THE TASK: Restate word for word the section of the entries that opens at the line containing "سلام بچه ها" and closes at the line containing "لطفا این دوتا", both lines kept, pictures dropped.

TASK INPUT:
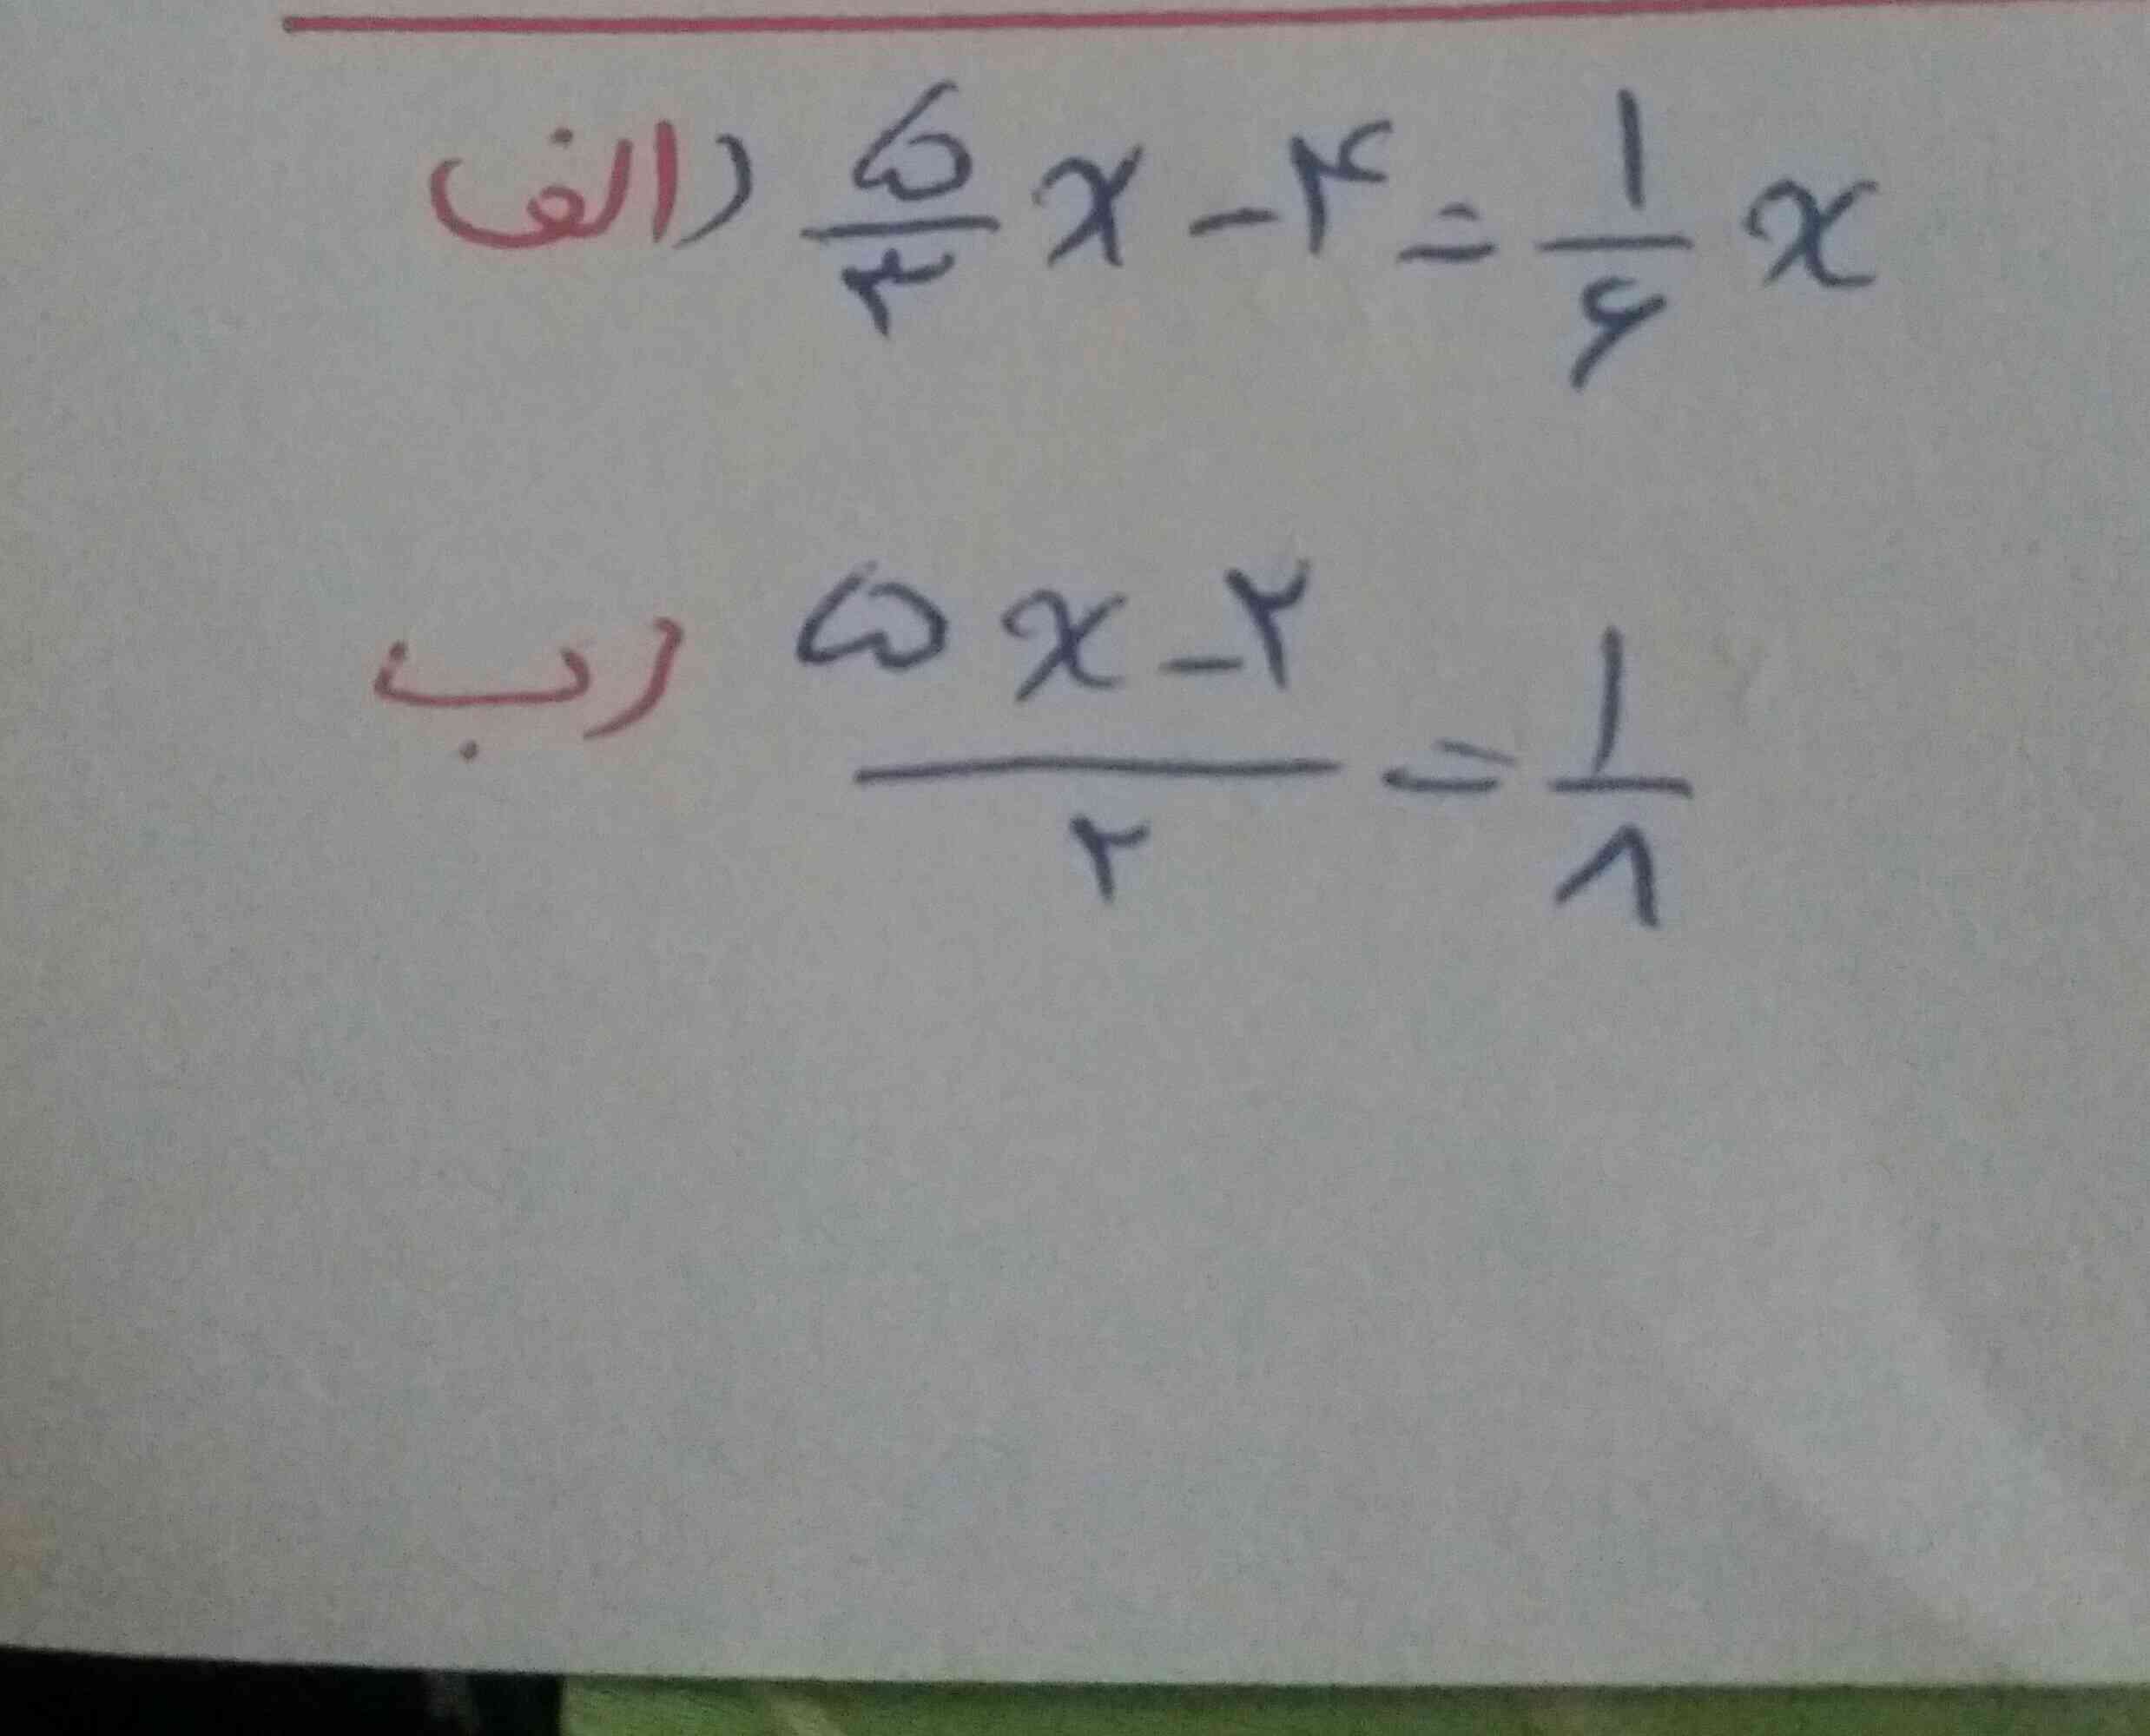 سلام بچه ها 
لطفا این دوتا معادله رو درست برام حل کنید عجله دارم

==

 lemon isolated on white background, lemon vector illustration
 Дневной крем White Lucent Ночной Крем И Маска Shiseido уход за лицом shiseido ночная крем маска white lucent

WRITTEN RESPONSE:
 سلام بچه ها 
لطفا این دوتا معادله رو درست برام حل کنید عجله دارم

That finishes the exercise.